# Quarter Horses



## XxXequinegrlXxX (May 24, 2008)

Just wondering everyones opinion on quarter horses... we have three qh's i think they are great and can do many things.

The first picture is a picture of my girl, Cricket, the second of Merlin (he's the chestnut), and you will have to go to my barn to see a picture of our third quarter horse, Breeze.

Feel free to show everyone your quarter horses and tell your preference about them :]


----------



## Britt (Apr 15, 2008)

If someone asked me two years ago what i thought of Quarterhorses... i'd have said that they were horrible, ly least like breed, and just in general put together rather ugly... but that was because I've grown up around gaited horses and all quarterhorses I'd ever seen had been put together strangly with too big or too small heads, short, thick necks, long backs, and no rear and had very short, wispy manes and tails. Yeah, can't really blame me for not liking them...

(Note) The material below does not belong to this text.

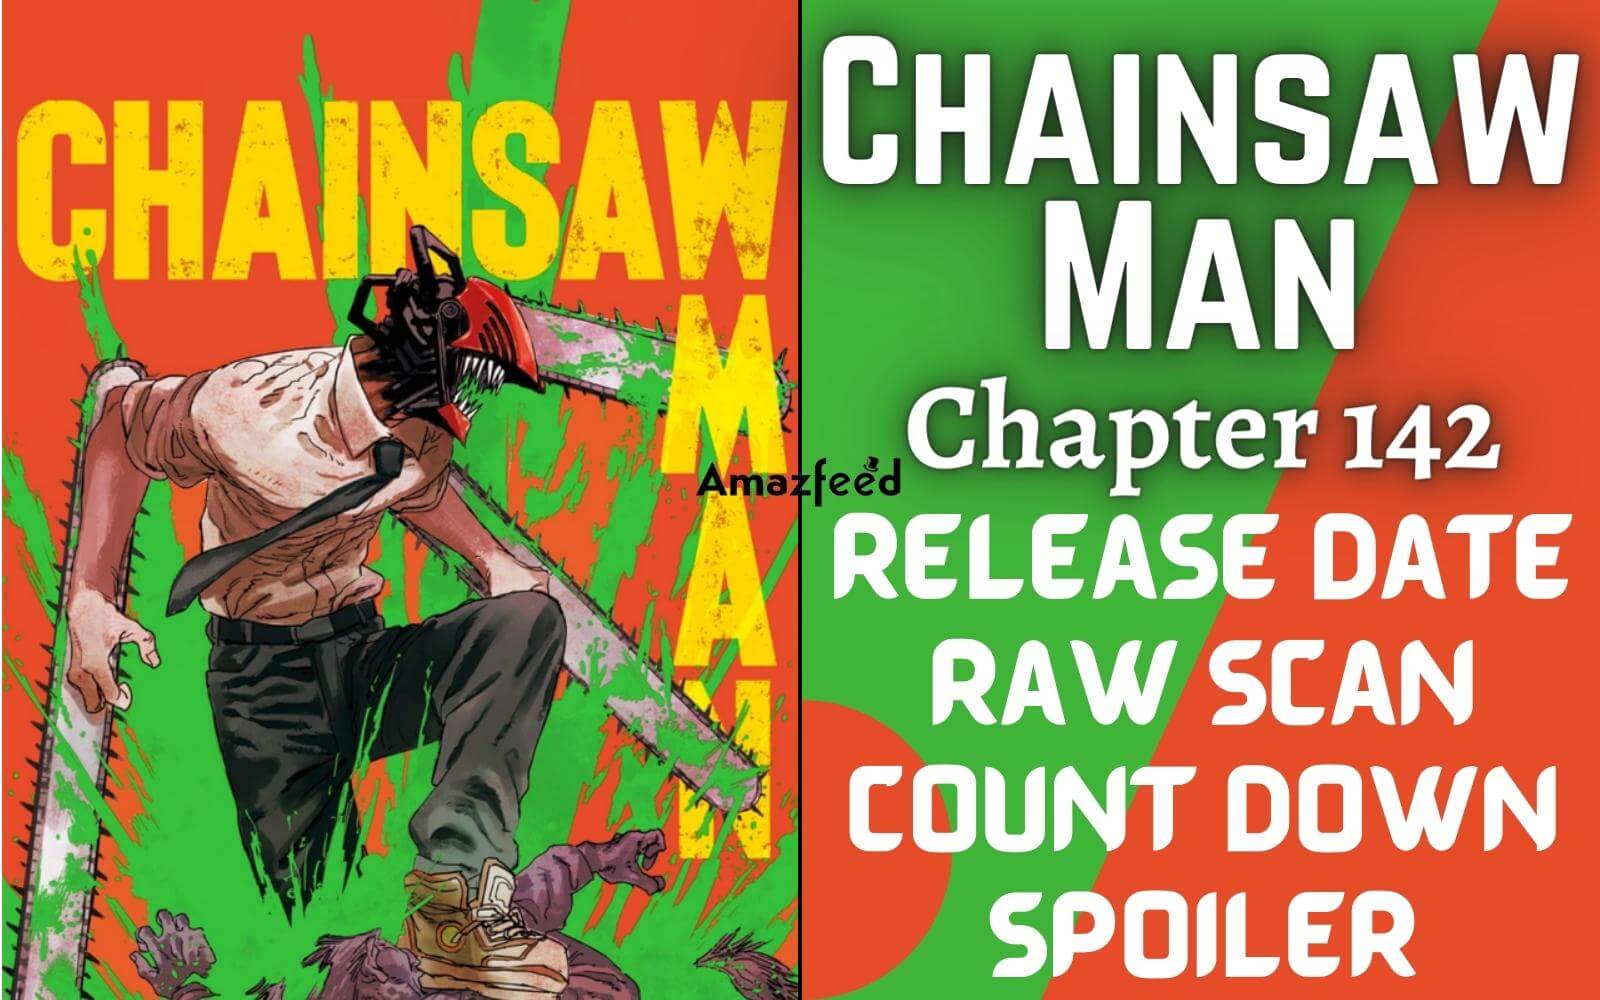 Chainsaw Man Episode 1 Tomorrow!  Chainsaw Man Premiere Countdown

Now, though... while they're not my favorite breed, they're in my top five and i'd like to own a Quarterhorse in the future... though I do find them rather bumpy to ride, but I guess I'm just used to my smoother gaited horses. I like them and find the well put together ones very nice looking and very good horses in general. I love the ''Doc Bar'' Quarterhorses the best.


----------



## ohhellneely (Dec 18, 2008)

I think overal, they are a great breed, very sturdy and can do just about anything. 

Budweiser


----------



## Midwest Paint (Oct 21, 2008)

I like Quarter Horses! Being a Paint fanatic, you can guess why! LOL! There are a lot of great QH's out there, and they have made a huge contrabution to the equine world! As for that first pic there.. Very nice QH! My preferences, I like the hind quarters to be a bit bigger, but the barrel on that one is nice!


----------



## Appyt (Oct 14, 2007)

Abe is my QH, He is 1/4 TB LOL 










Heidi is my grade QH


----------



## smrobs (Jul 30, 2008)

This is my QH Denny. I have no idea how he is bred. He is papered but due to the circumstances behind how I got him, I was never able to get them. 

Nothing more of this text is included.